Тут и возник из небытия, из кустов цветущей махровой сирени в городском парке ее бывший муж – высокий и ладный лейтенант с только что пожалованными артиллерийскими погонами, с покорной улыбкой в серых, чистых глазах, с решимостью жениться на ней немедленно и увезти ее к месту назначения.

К семнадцати годам Катя расцвела почти в полную силу и уже привлекала всеобщее внимание, но еще никто не делал ей официального предложения. А лейтенант сделал. И она согласилась, почти не раздумывая, как будто бросилась с высокого моста в реку. Теперь понятно, что ошиблась, что поддалась слабости, бесконтрольному желанию заслонить пролом, образовавшийся в душе со смертью Бабули, пролом, в который, чудилось ей, вытекает, сочась по капле, вся ее прошлая и настоящая жизнь – час за часом, день за днем… И она вышла замуж. И вот результат: две пропащие жизни – ее и его. Он ведь постоянно чувствовал ее нелюбовь, а после рождения Сережи – плохо скрываемую ненависть. Пусть он тупой и грубый, не отягощен интеллектом и души в нем не бог весть сколько, но он ведь тоже человек. И когда женился на ней, то рассчитывал не на один день и не на пять лет, как получилось… Господи, как все глупо! И если смотреть правде в глаза – она виновата больше всех…
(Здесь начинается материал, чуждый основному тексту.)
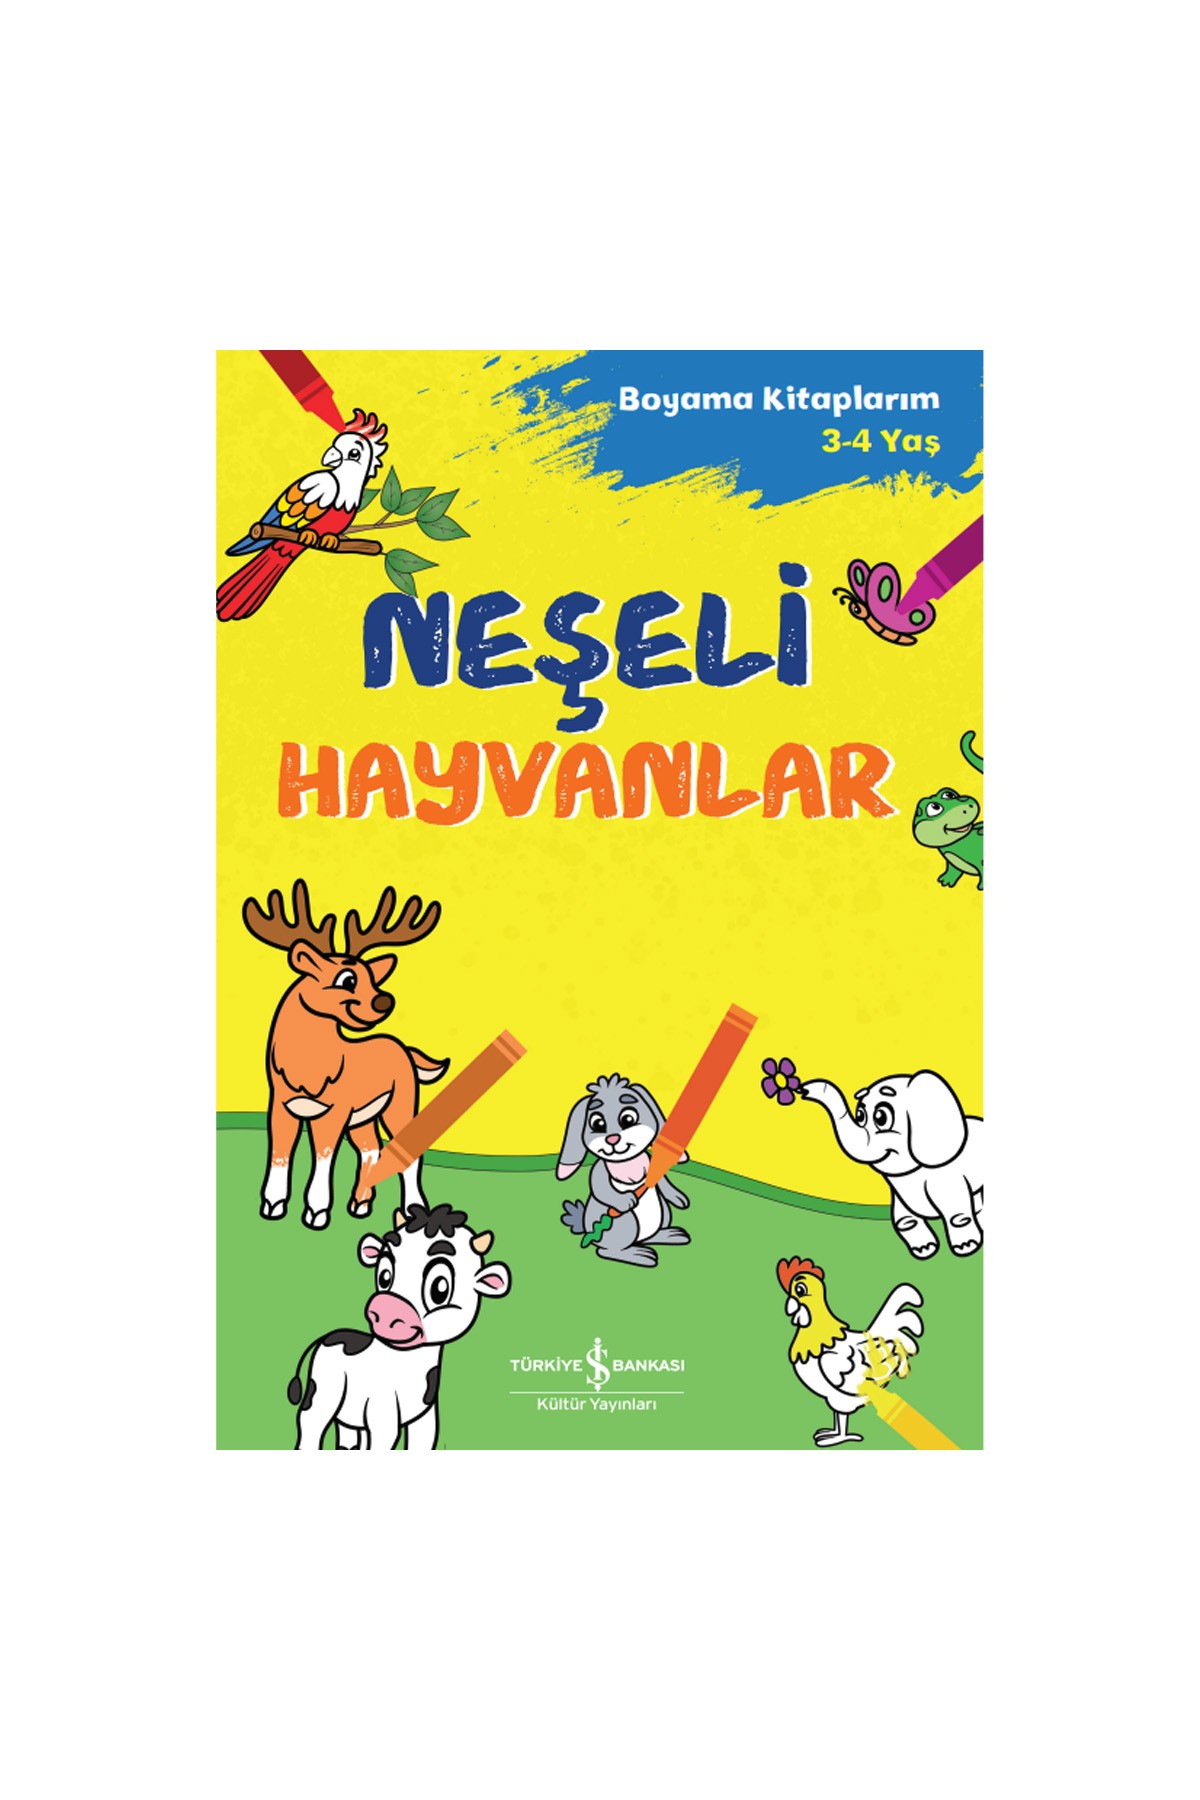 Türkiye İş Bankası Kültür Yayınları Neşeli Hayvanlar – Boyama Kitaplarım 3-4 Yaş

Как повезло, что она остановилась в этом городе! А ведь могла бы проехать мимо или смириться и жить, как живут многие. Муж не бил ее, не обижал, как обижают других, не гулял от нее. Хотя как было бы славно, если бы гулял, или бил, или обижал, – тогда бы она кинула его с легким сердцем давным-давно, а не тянула эту волынку пять лет. Нет, ничего такого, как говорится, антиобщественного он не совершал, просто пил себе тихо пиво, смотрел телевизор, а потом уныло приставал в постели. Вечерами свободные от нарядов сослуживцы мужа частенько собирались у них – "на пиво". Иногда собирались с женами, иногда без жен. Пили пиво. Смотрели цветной телевизор, купленный в военторге в рассрочку. Играли в шахматы или в подкидного дурака. Женщины говорили о тряпках. Мужчины спорили, кто кого переиграет в шахматы, перепьет или переборет на руку.

Лица мужского пола (от подростков и до стариков) всегда почему-то спорили в присутствии Кати. Лет до пятнадцати она была гадким утенком, а потом неожиданно расцвела, и с тех пор мужчины не могли спокойно находиться в ее обществе, сразу же начинался спор – по любому пустяку, по любому поводу. И спорили ожесточенно, нехорошо, до обиды, а иногда и до драки. Сначала эти сценки тешили Катино тщеславие, распаляли в ней темное женское существо властительницы. Но однажды Катя внезапно поняла, что свары вокруг нее (как это ни грубо будет сказано) напоминают весеннюю грызню у хвоста интернатской Белки – маленькой, беспородной сучонки, пользовавшейся почему-то тотальным успехом у своих собратьев.